Dataset excerpt |
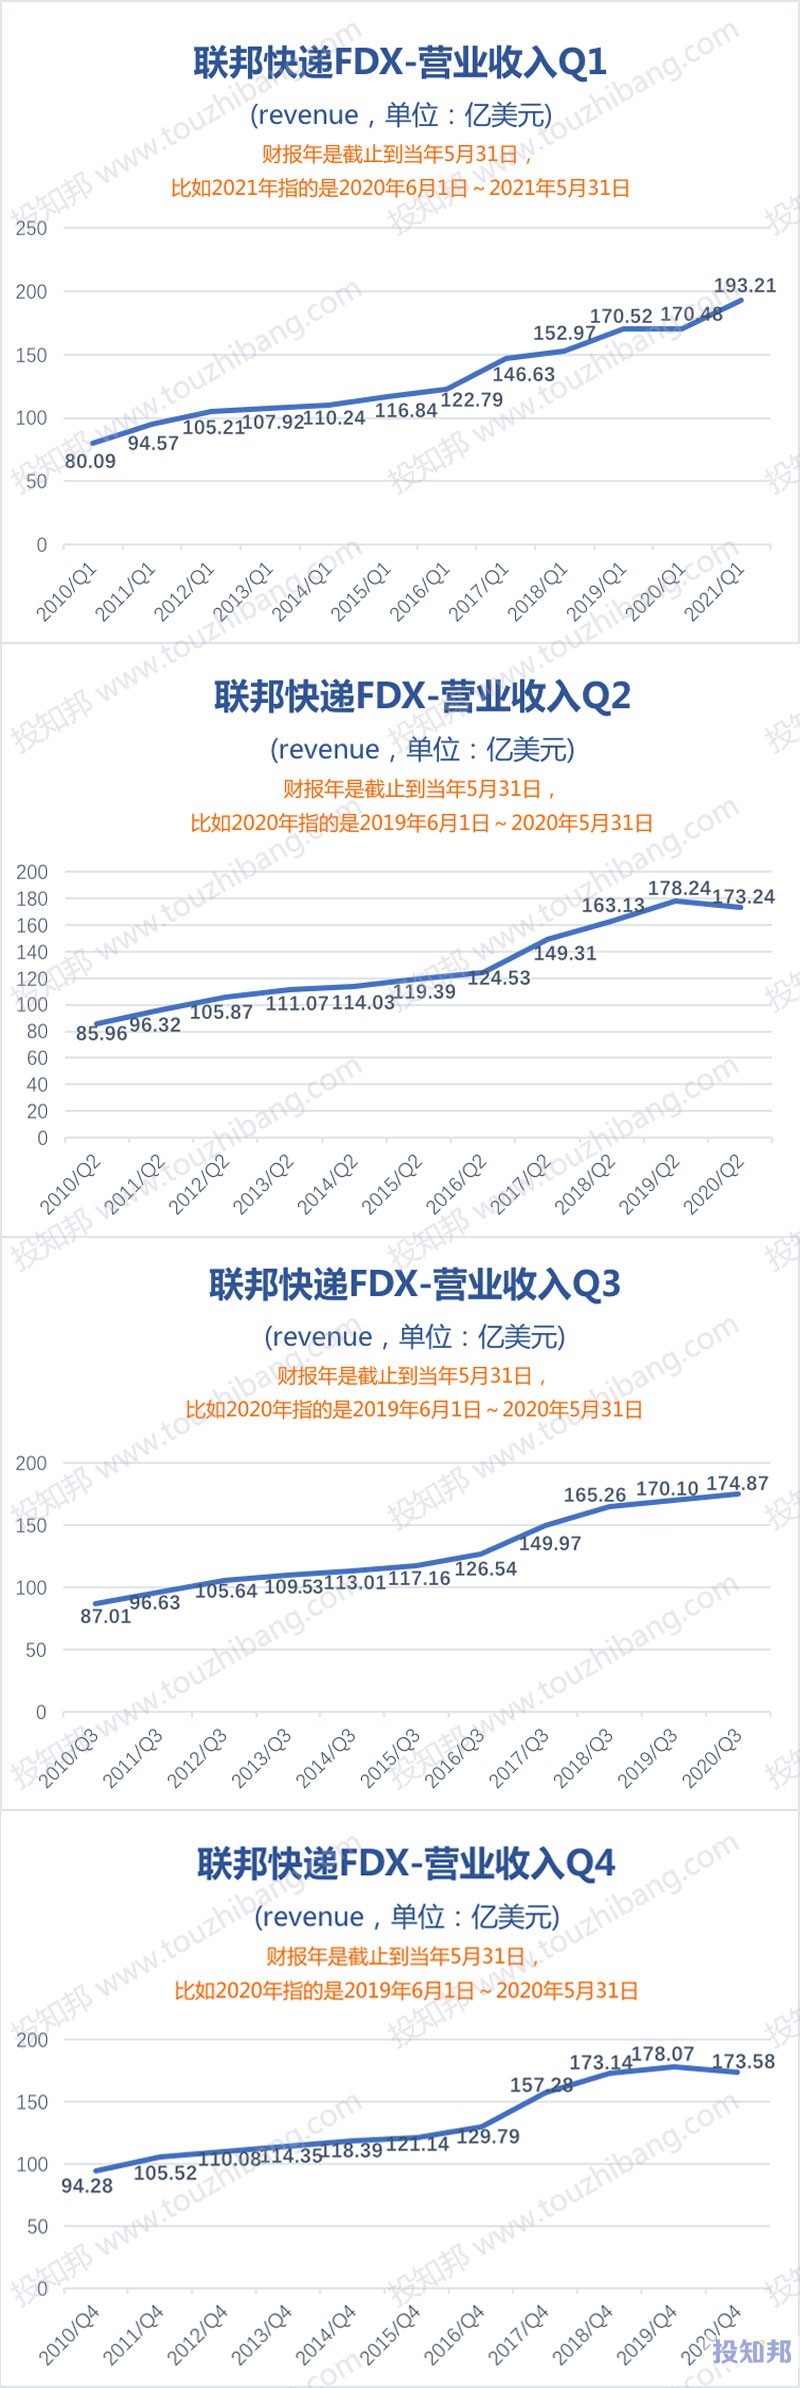 联邦快递(FDX)财报数据图示(2010年～2021财报年Q1，更新)
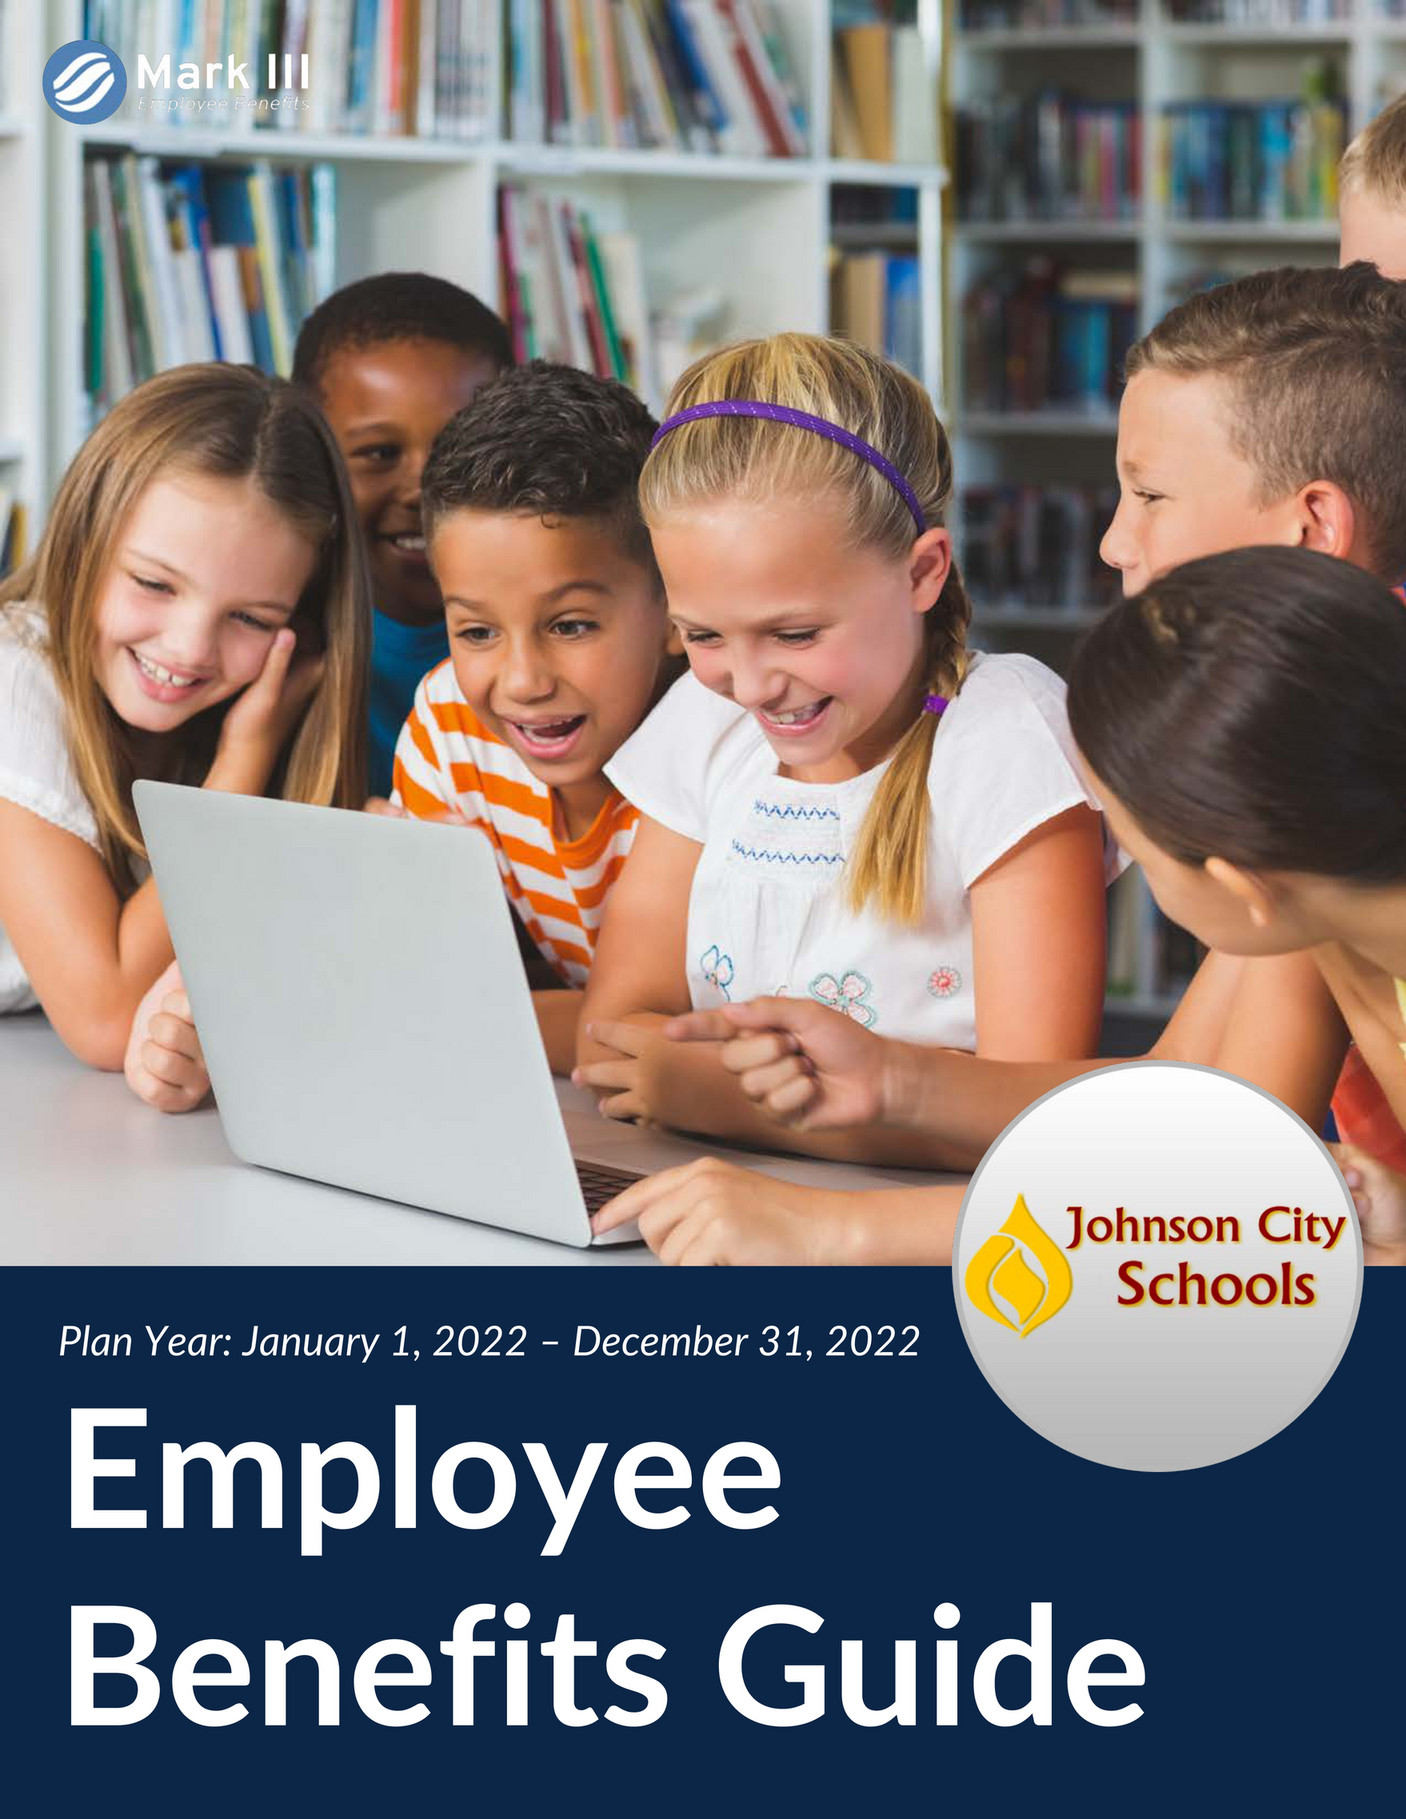 mark-iii-employee-benefits-johnson-city-schools-employee-benefits
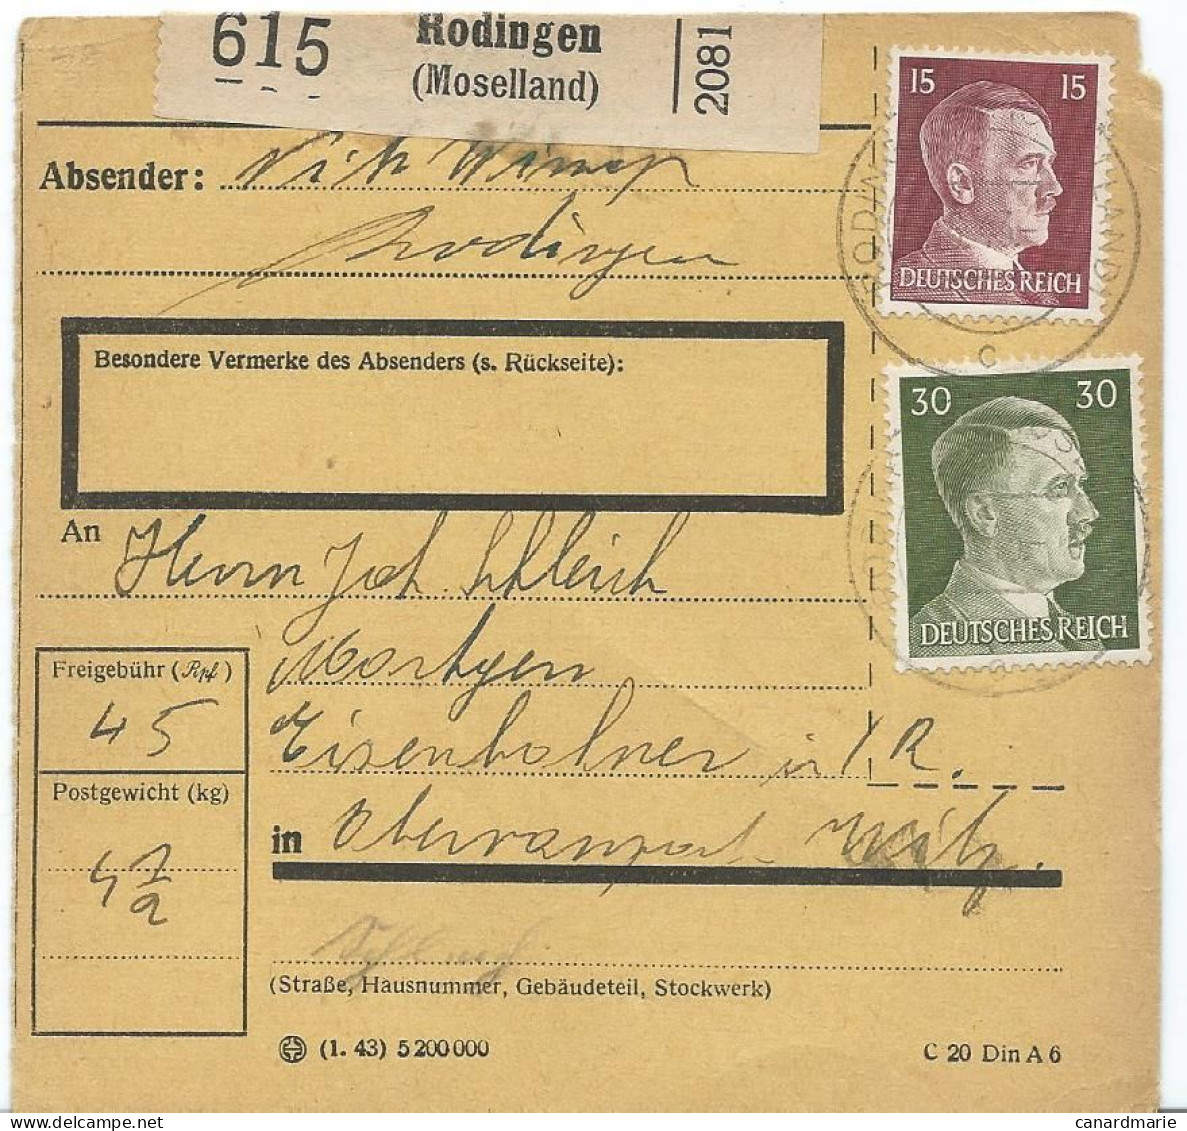 BULLETIN DE COLIS POSTAL 1943 AVEC ETIQUETTE DE RODINGEN (MOSELLAND) - 1940-1944 Duitse Bezetting
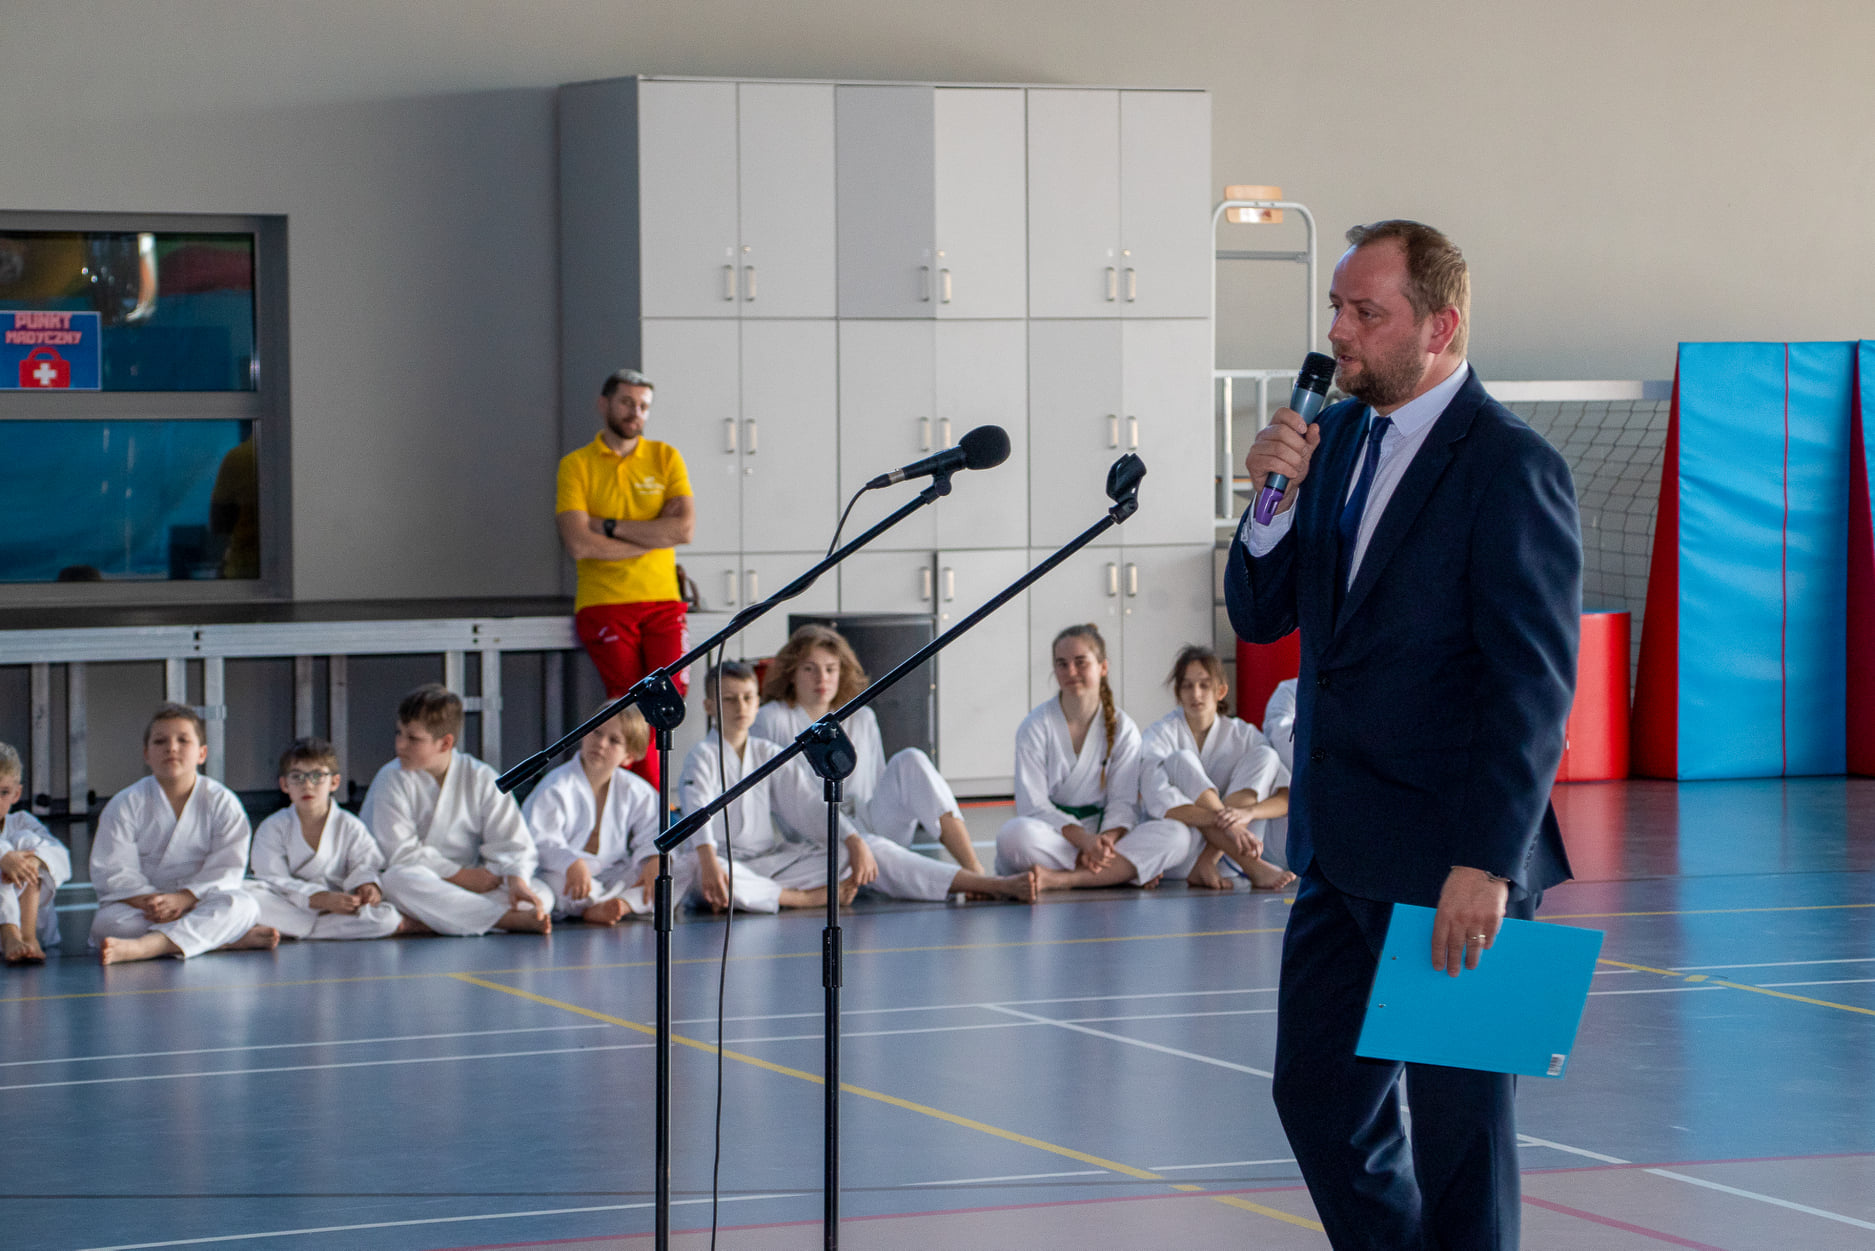 Na zdjęciu widoczny dyrektor GOSTiR podczas przemowy oraz grupa dzieci z zajęć karate wraz z instruktorem

Task |
Write the full listing out again with every line unchanged, but include no pictures.

Finished task |
 联邦快递(FDX)财报数据图示(2010年～2021财报年Q1，更新)
 mark-iii-employee-benefits-johnson-city-schools-employee-benefits
 BULLETIN DE COLIS POSTAL 1943 AVEC ETIQUETTE DE RODINGEN (MOSELLAND) - 1940-1944 Duitse Bezetting
 Na zdjęciu widoczny dyrektor GOSTiR podczas przemowy oraz grupa dzieci z zajęć karate wraz z instruktorem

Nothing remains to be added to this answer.